Foaming at the mouth again Mr. Maier. If you want to engage someone in a meaningful conversation then dial down the rhetoric. At no time did I accuse YOU personally of being a liar because I disagreed with your contention, nor did I call you a mythicist: I specifically stated that you “champion” Prof. Doherty’s contention that Ehrman’s conclusions were flawed, so yes I paid attention to your posts.

It was a full blown article, not a comment on a blog. Did you even look at the link I gave you?

Yes, all of them and read the Jesus puzzle article where I found your post BTW.

 

I do agree with much of what you say here with the exception of agenda driven mythacists being a mixed bag. To my knowledge Doherty’s books are not agenda driven and neither are Price’s, Carrier’s and Wells’ previous work on the subject. It is clear that Murdock’s work is agenda driven that much is for certain but she has mostly abandoned such an issue when it came to her work in Christ in Egypt and she must have made substantial in-roads to get an article of her’s featured in anthology book about the goddess Anahita (Anahita: Ancient Persian Goddess and Zoroastrian Yazata) featured alongside some of the most prominent scholars of mythology, occultism and archaeology regarding this specific goddess.
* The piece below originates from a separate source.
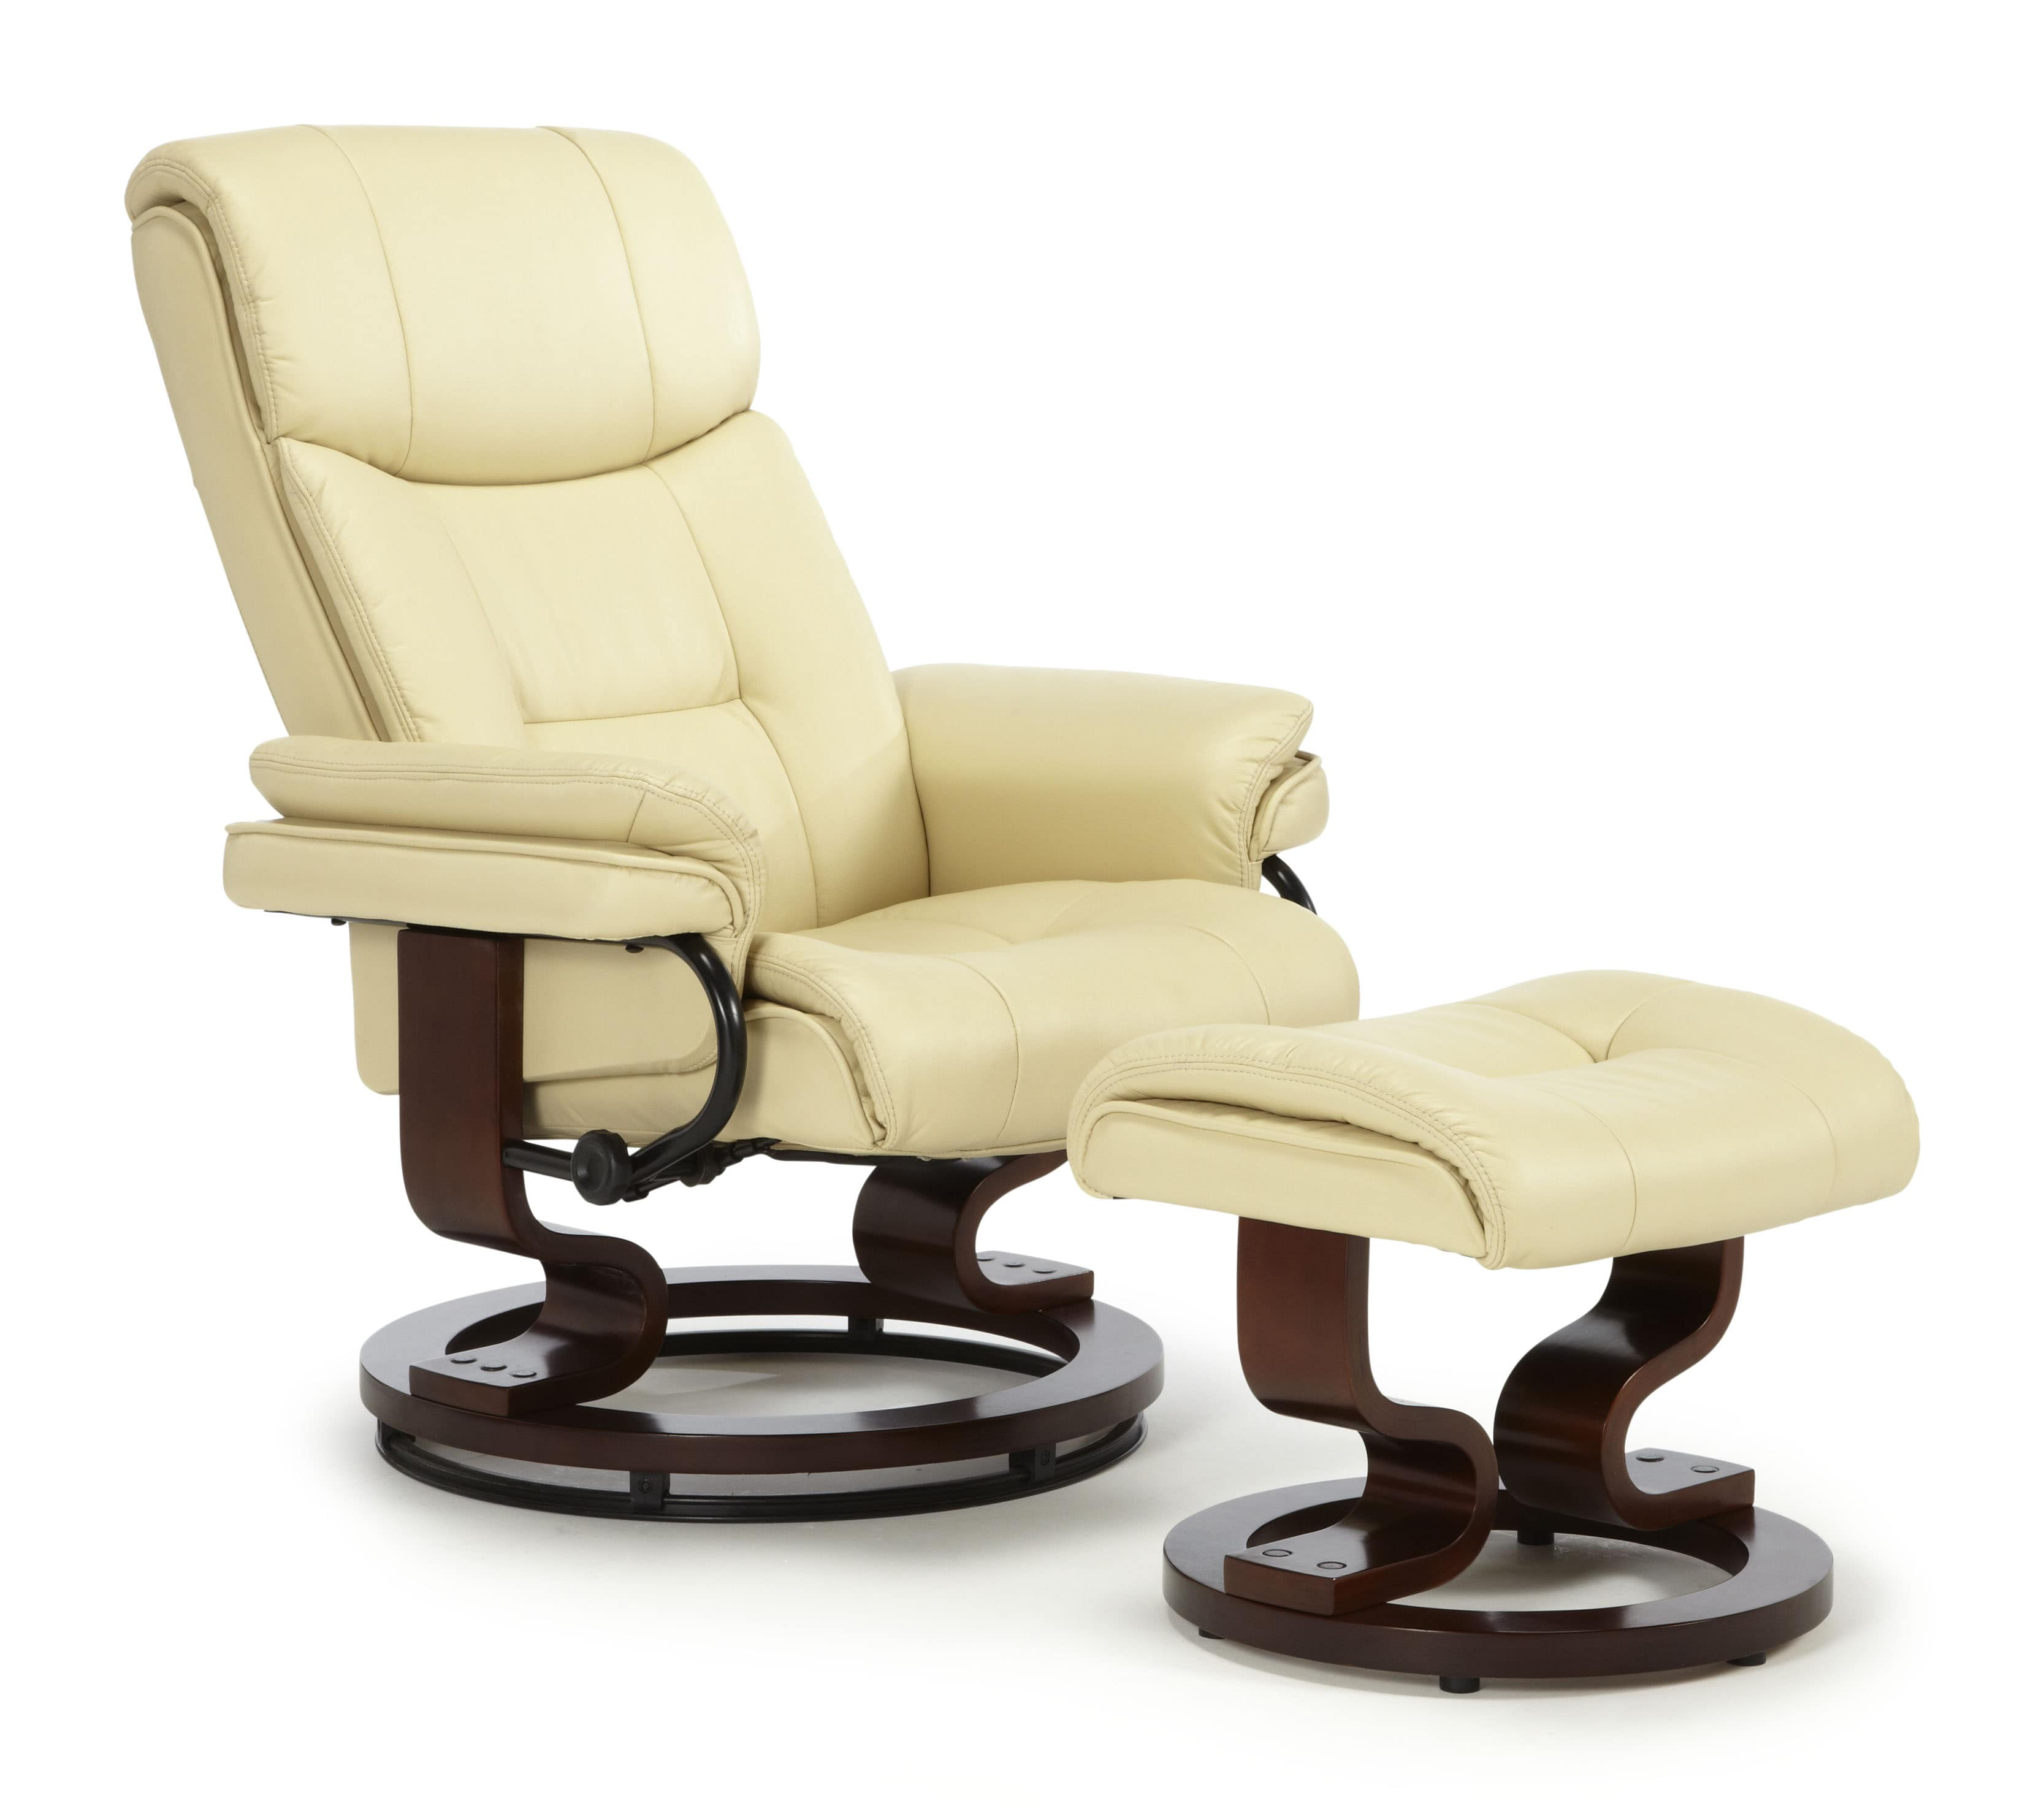 Moss Swivel Chair Cream PU Mahogany A min
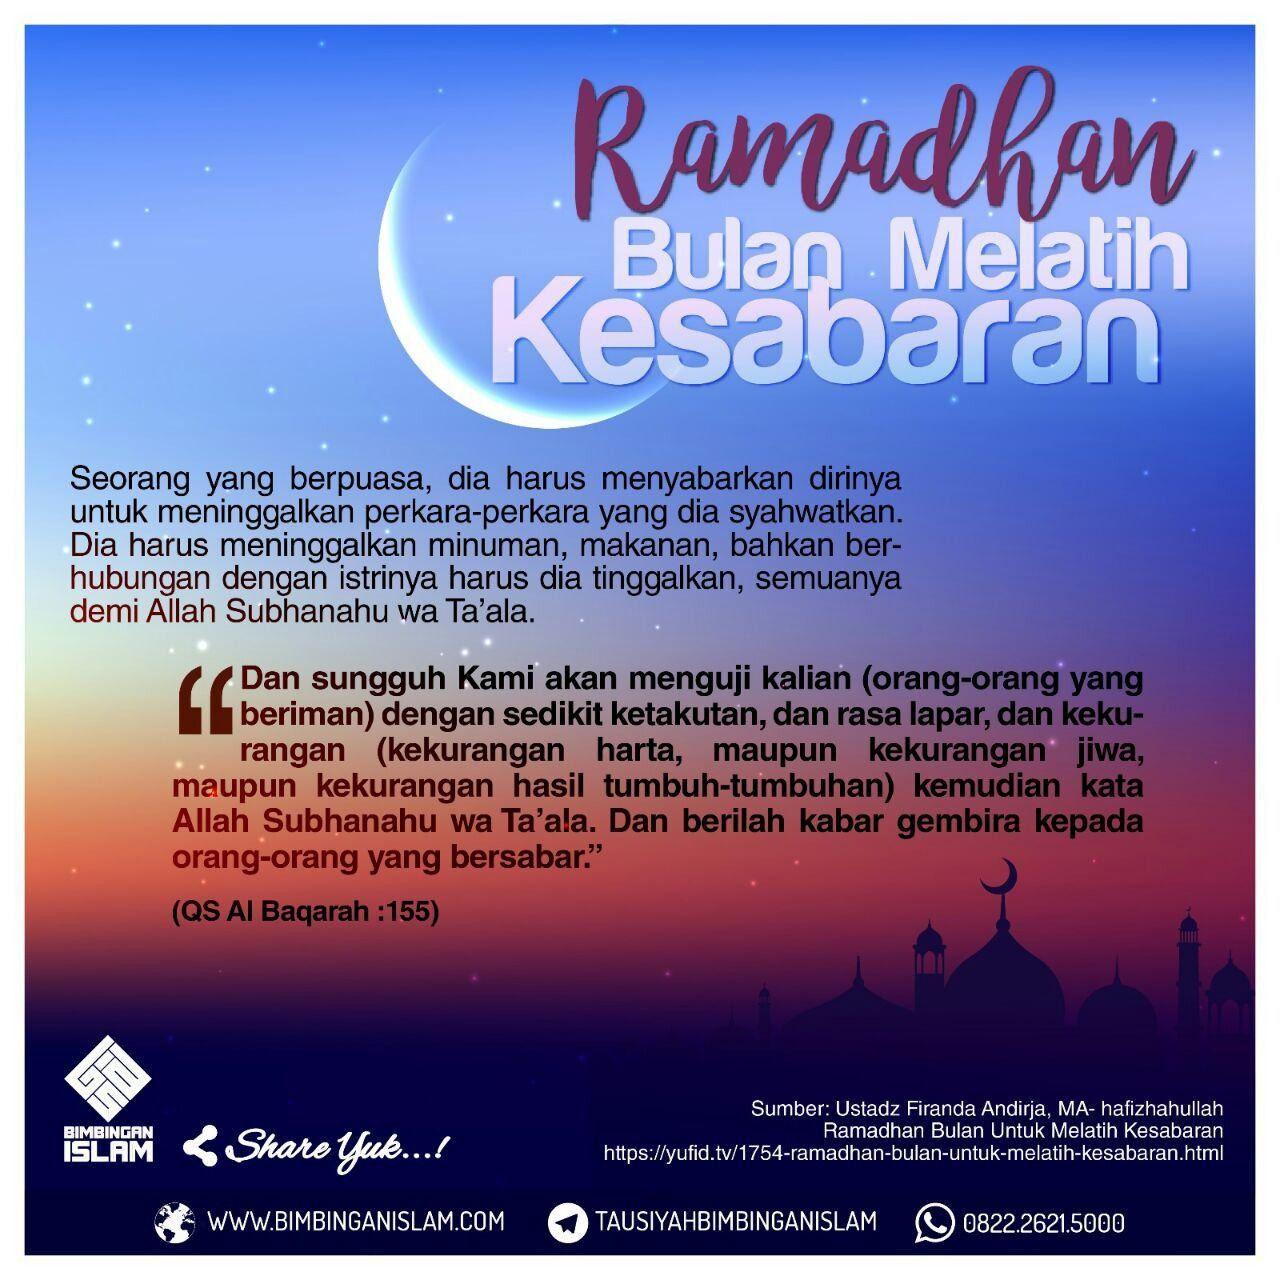 Gambar kata kata menyambut bulan ramadhan ahlu sunnah kata kata mutiara ramadhan quotes dan quotes

I’m not going to bother responding to the quotes above this one as Ehrman can speak for himself and as I stated in my post, (did you read it?) I rely strictly on the research and mine is one sided at this time. I haven’t delved into the mythicist material as yet. As stated before, I’ll withhold judgement and further comments UNTIL I have read Professor Doherty’s and Prices and Carrier’s works. Blogs, reviews, and scholarly papers aside, I’ll read the books and their references first. Also, I believe we’re aiming at two different targets, mine is anti-mythicist derived from the research I’ve done and posted a few of the books and material I read, while your posts aim at Ehrman’s “flawed” research and attacks on Doherty. My siding with Ehrman comes essentially from my anti-mythicist stance while yours appears to be focused only on Ehrman. At this stage, I’m more interested in learning what lies behind Doherty’s contention of the jesus myth than his attack on another scholar. And as to their books being agenda driven, I’ll make that judgement myself after I read the books. And as I mentioned before, I’m no bible scholar and my interest in this subject is basically how xtianity has impacted history, not the nuts and bolts of the religion itself. Bronze age beliefs are fascinating and give insight into the thought processes of prescientific civilizations and that’s about it for me. The historical references are subjective but the poetry can be considered beautiful. Oh, and I’d appreciate it if you didn’t use me as a foil on one of your blogs. Posting that I have faith in anything is well, lying.